首先对单质汞向氧化态汞转化的影响因素进行了实验研究,采用Ontario Hydro方法作为样品取样方法,分别进行了烟气中氯化氢浓度大小、氧气浓度大小、NO浓度大小、二氧化硫浓度大小、反应器出口温度高低以及汞浓度变化对燃煤烟气中汞形态分布的影响。得出如下结论:HCl是燃煤烟气中与汞发生化学反应的主要物质,在未添加HCl的烟气体系中,随反应温度的升高单质汞向氧化态汞转化的转化率先是升高而后降低,NO、O_2、SO_2的存在可以促进汞的氧化;在添加HCl的烟气体系中,随反应温度的升高汞单质汞向氧化态汞转化的转化率升高,烟气中氯化氢的浓度越大,转化率越大;烟气中其他成分对汞的形态转化有一定的影响,NO、O_2的存在可以促进汞的氧化,SO_2的存在则抑制汞的转化;另外,较高的烟气排放温度会提高单质汞向氧化态汞转化的转化率,Hg浓度升高汞转化率下降。
建立了燃煤烟气中汞形态转化的动力学模型,在氯化氢存在的情况下烟气中汞均相气相氧化的总反应速率方程为:(~(dC)Hg/dt=-k×C_(Hg)~(1.78)×C_(HCl)~(0.79);总反应速率常数方程为:
k=0.029858exp(-12787.5/RT)。
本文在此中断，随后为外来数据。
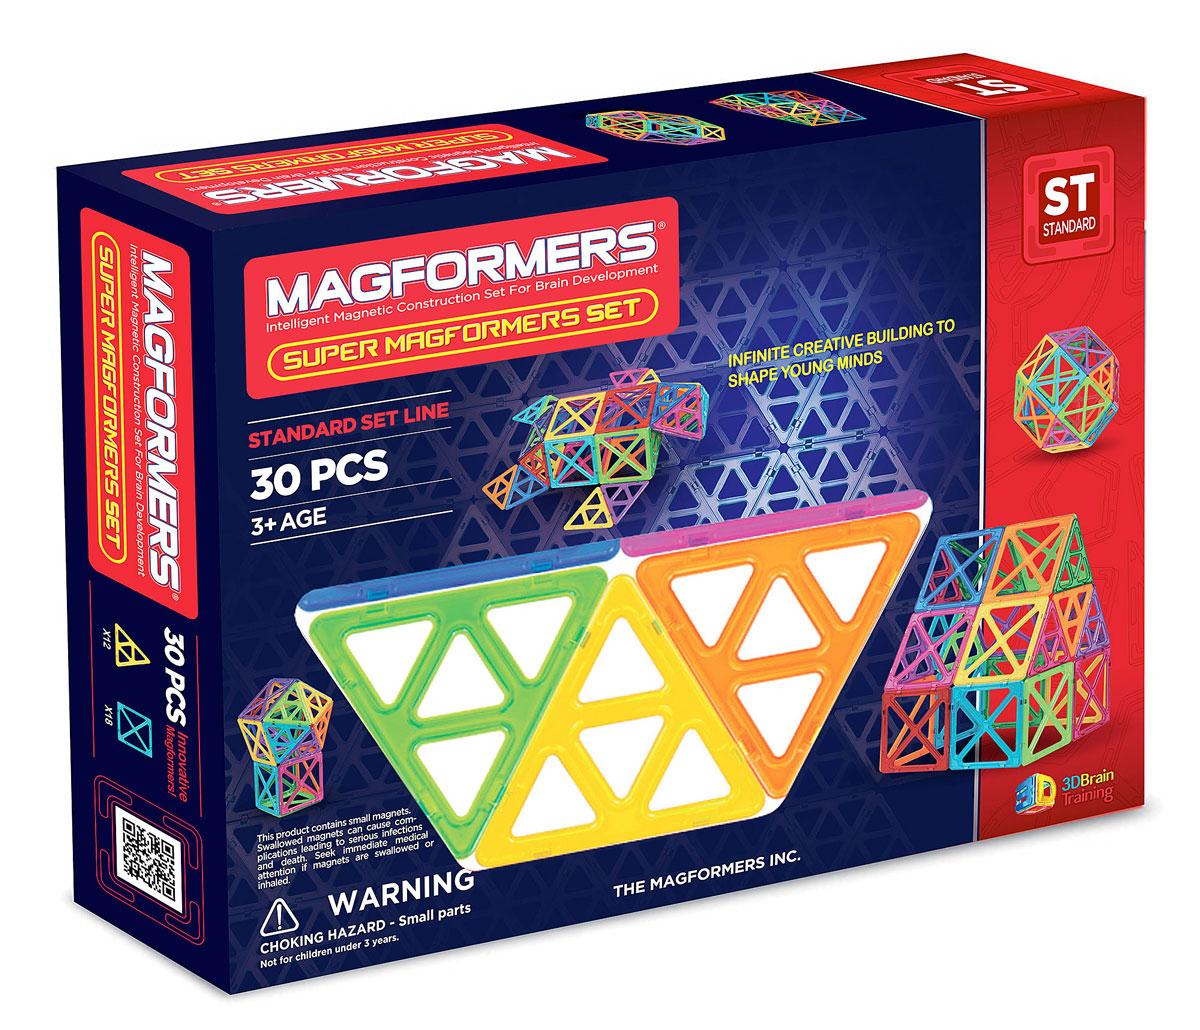 Magformers Магнитный конструктор Набор Супер - 3063078Набор Super Magformers 30 оправдывает своё название. Он состоит из супер квадратов и супер треугольников. Все привычные постройки станут намного больше! Набор состоит из 30 деталей: 12 супертреугольников и 18 суперквадратов. В один большой квадрат помещаются 4 обычных, а в один большой треугольник 4 обычных треугольника. Только представьте, что все стандартные постройки Вашего малыша увеличатся в размере в четыре раза! Без сомнения, набор понравится любому ребенку, ведь так интересно построить башню, которая будет ростом с него, или огромный шар. Ну, и ещё очень важная вещь - без этих громадных фигур Вашему ребенку не построить заветную Эйфелеву башню. Набор станет прекрасным подарком любому ребёнку. Все детали в конструкторах Magformers совместимы, независимо от размера, что позволяет делать интересные комбинации с другими наборами Magformers.

通过模型计算,选取基本工况,对烟气中汞的反应过程进行了模拟计算,计算结果与实验结果基本吻合;通过模型分析,选取一些重要影响因素,预测了在一定运行条件下汞形态的转化,结果与汞形态转化实验研究的结果一致。该模型可用于定量预测典型燃煤烟气中汞形态转化的程度。
对吸附剂进行化学改性后,在小型模拟烟气实验台上进行了汞吸附实验筛选,以期获得经济、高效的汞吸附剂。首先进行了吸附剂的改性实验研究。在查阅大量文献基础上,结合现有污水除汞及炼汞工业的废液、废气的除汞方法,尝试性地进行了吸附剂的活性MnO_2浸渍、FeCl_3浸渍、不同温度下渗硫等改性试验。并在固定床上进行了吸附剂的初步筛选。对原吸附剂及其改性吸附剂在固定床上进行了恒温汞吸附实验,初步找出效果较好的吸附剂,筛选出了以下几种有应用前景的吸附剂:活性炭、活性MnO_2浸渍活性炭、三氯化铁浸渍活性炭、600℃渗硫活性炭、活性MnO_2浸渍沸石、活性MnO_2浸渍膨润土、活性MnO_2浸渍蛭石、三氯化铁浸渍蛭石,并研究了不同烟气成分、不同入口汞浓度、不同吸附反应温度、不同炭汞比等因素对汞蒸气吸附作用的影响。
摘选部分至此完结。